● AIM OF THE TASK: Begin the copy at the line containing "Gianvito Rossi Women's" in the data below and end it at the line containing "I think fidelity", keeping each line exact and leaving out pictures.

● RECORDED INFORMATION:
......
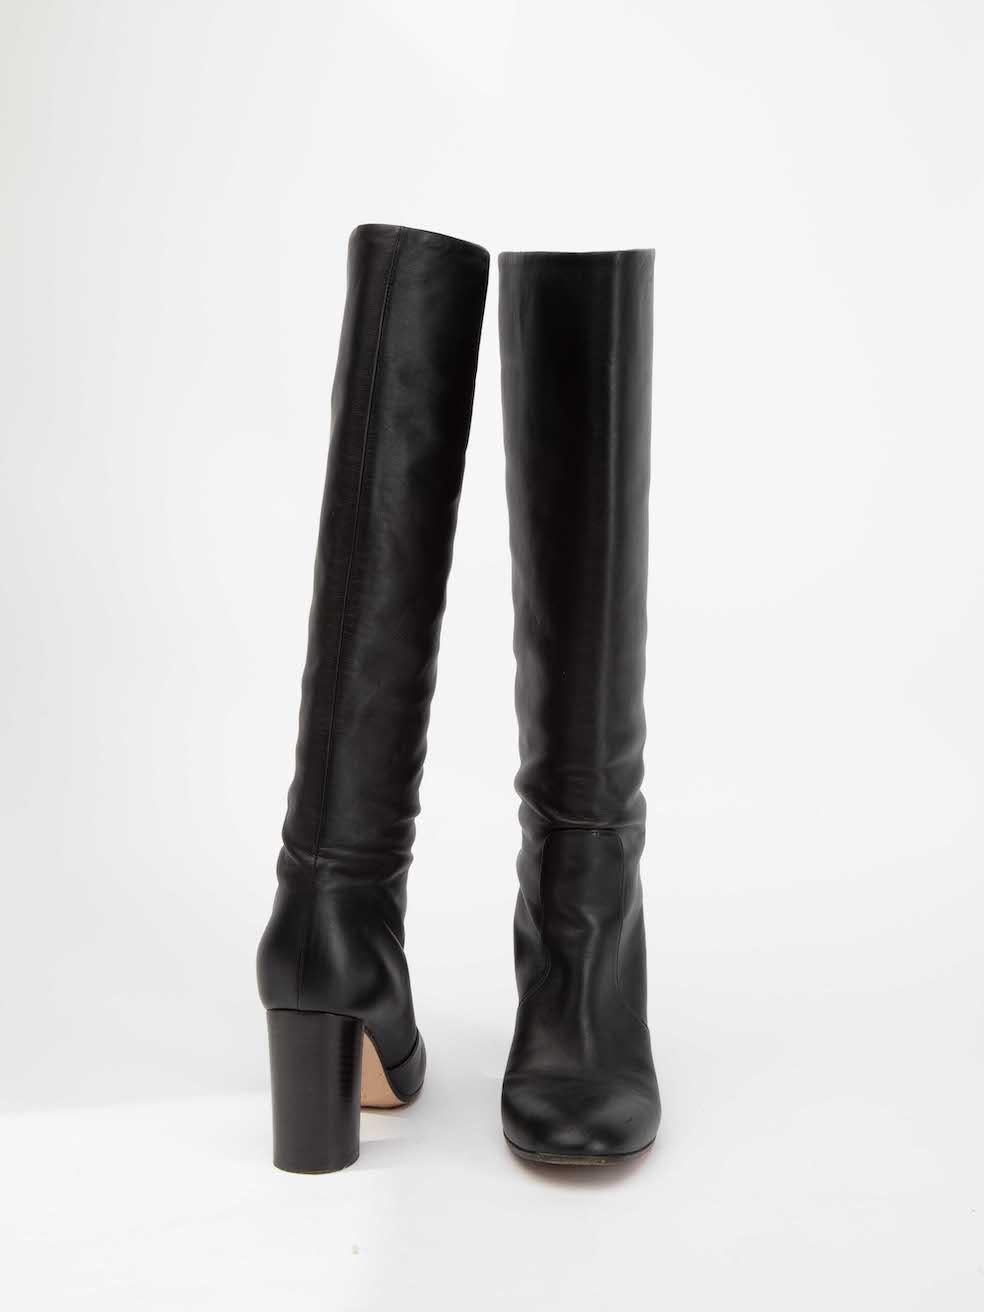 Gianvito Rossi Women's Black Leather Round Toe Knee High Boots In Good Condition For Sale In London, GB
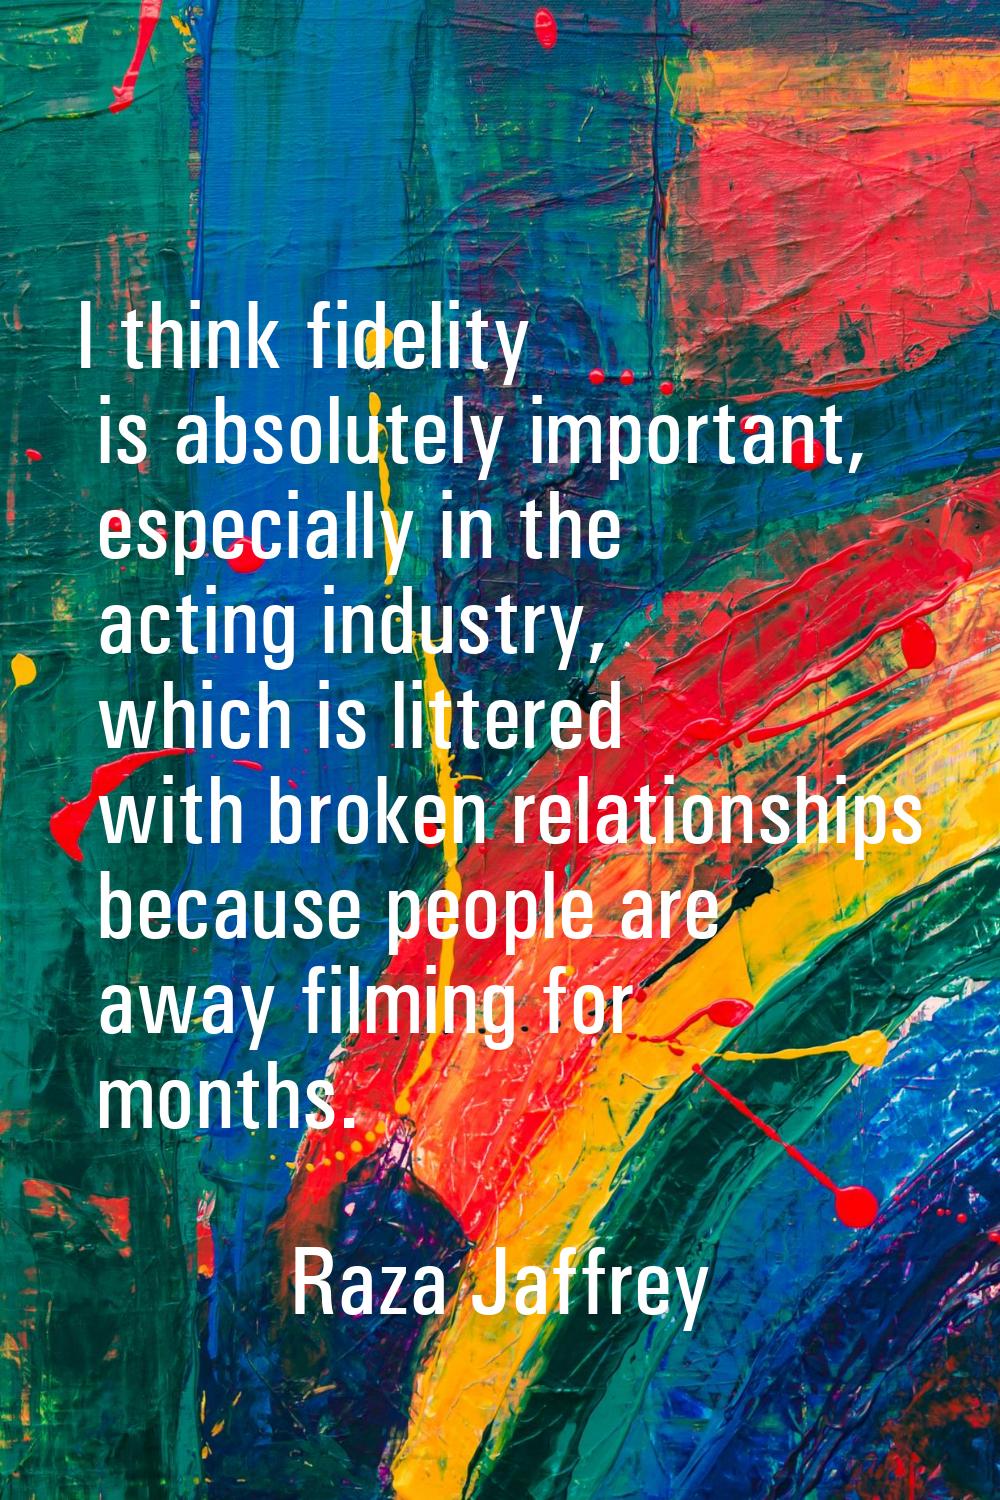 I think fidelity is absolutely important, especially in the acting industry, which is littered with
......
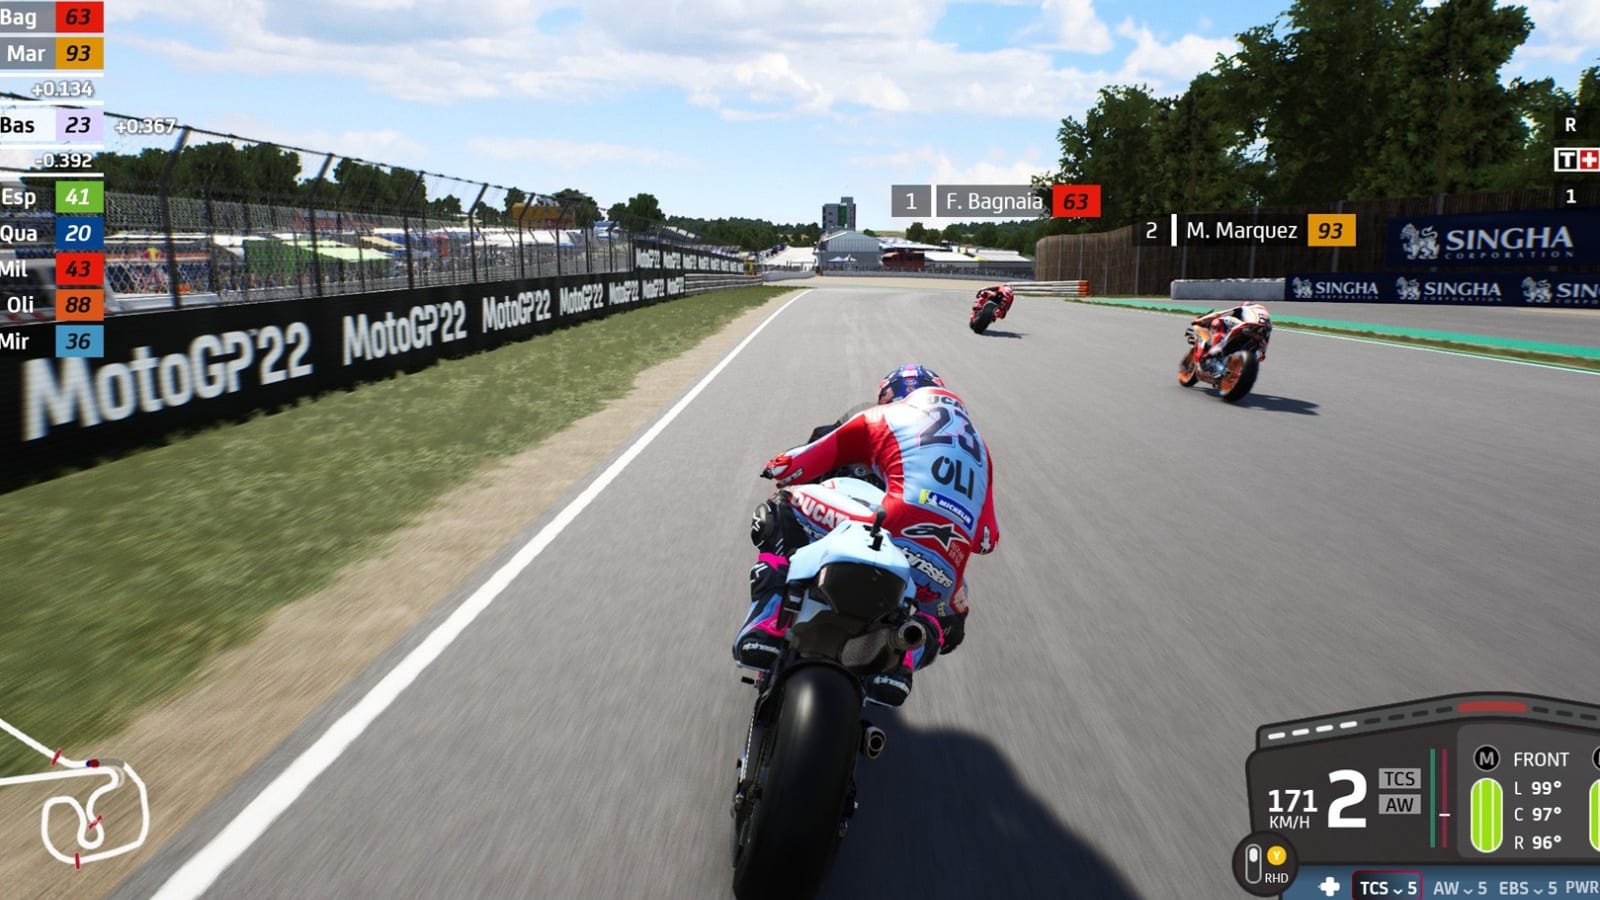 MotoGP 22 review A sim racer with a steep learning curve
......
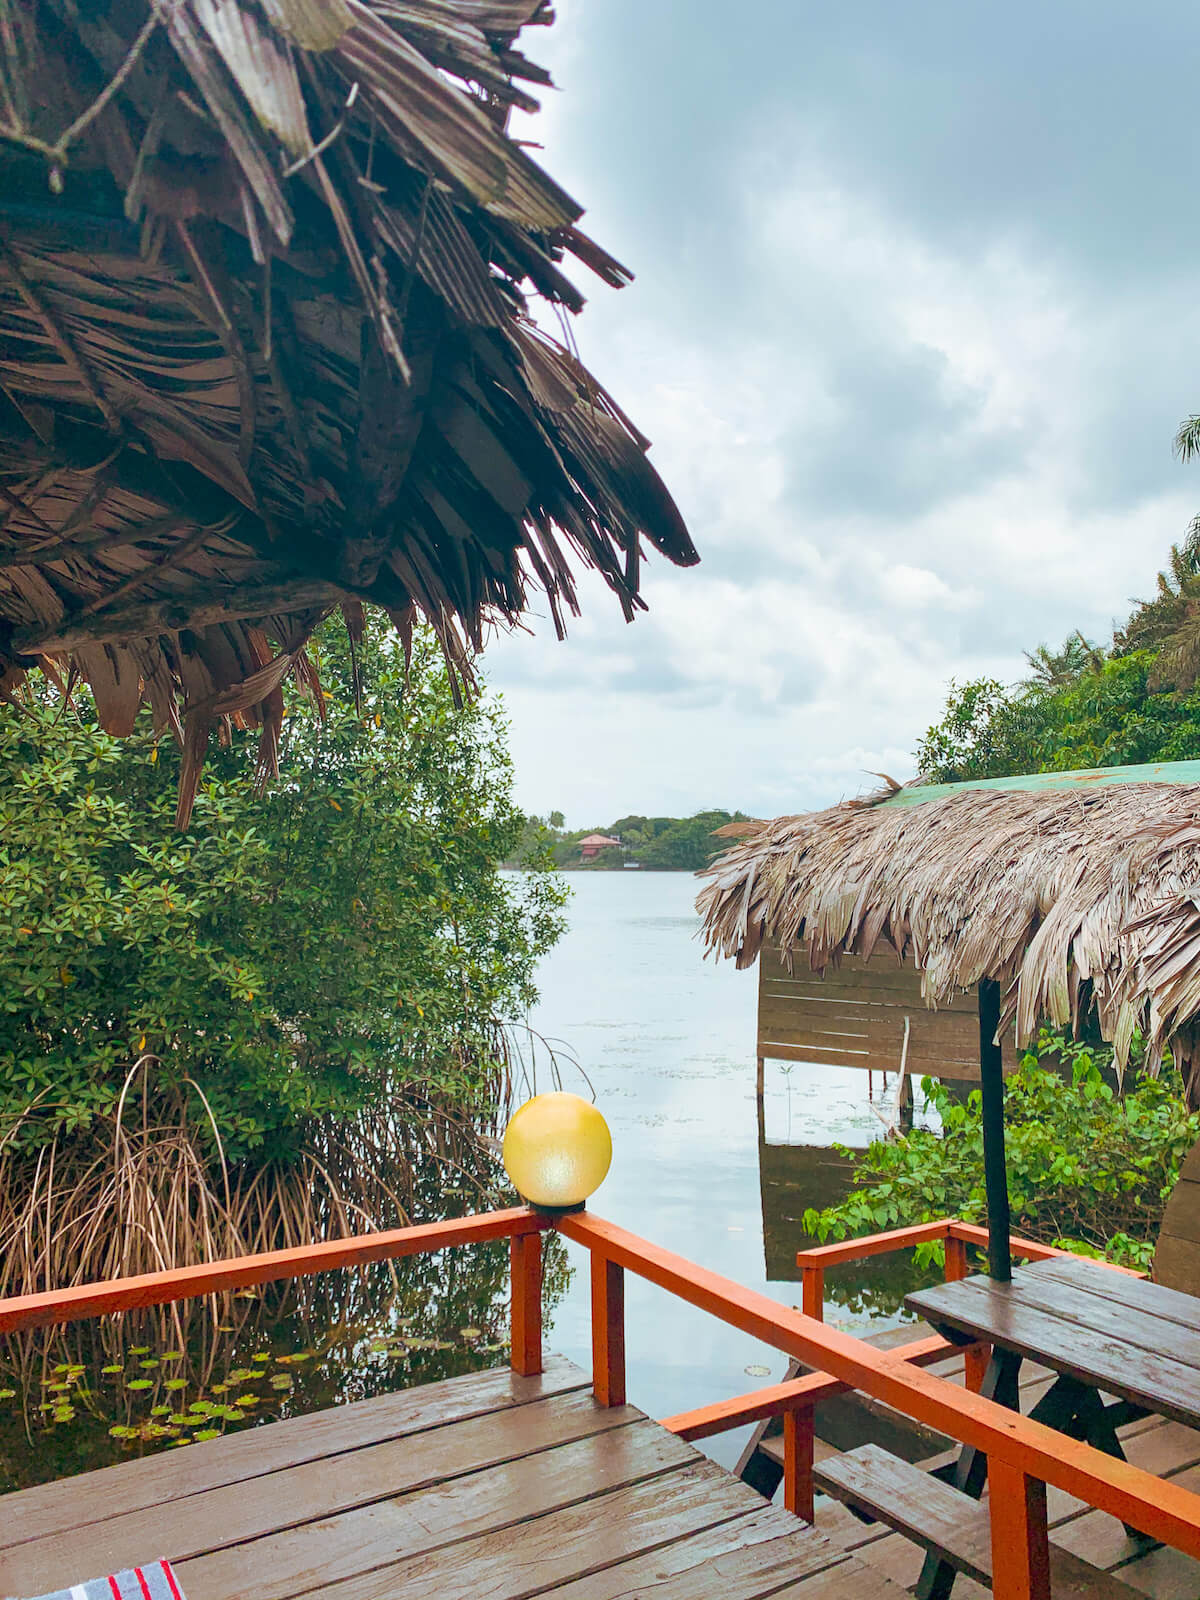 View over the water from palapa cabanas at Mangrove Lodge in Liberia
......
● EXERCISE RESULT:
 Gianvito Rossi Women's Black Leather Round Toe Knee High Boots In Good Condition For Sale In London, GB
 I think fidelity is absolutely important, especially in the acting industry, which is littered with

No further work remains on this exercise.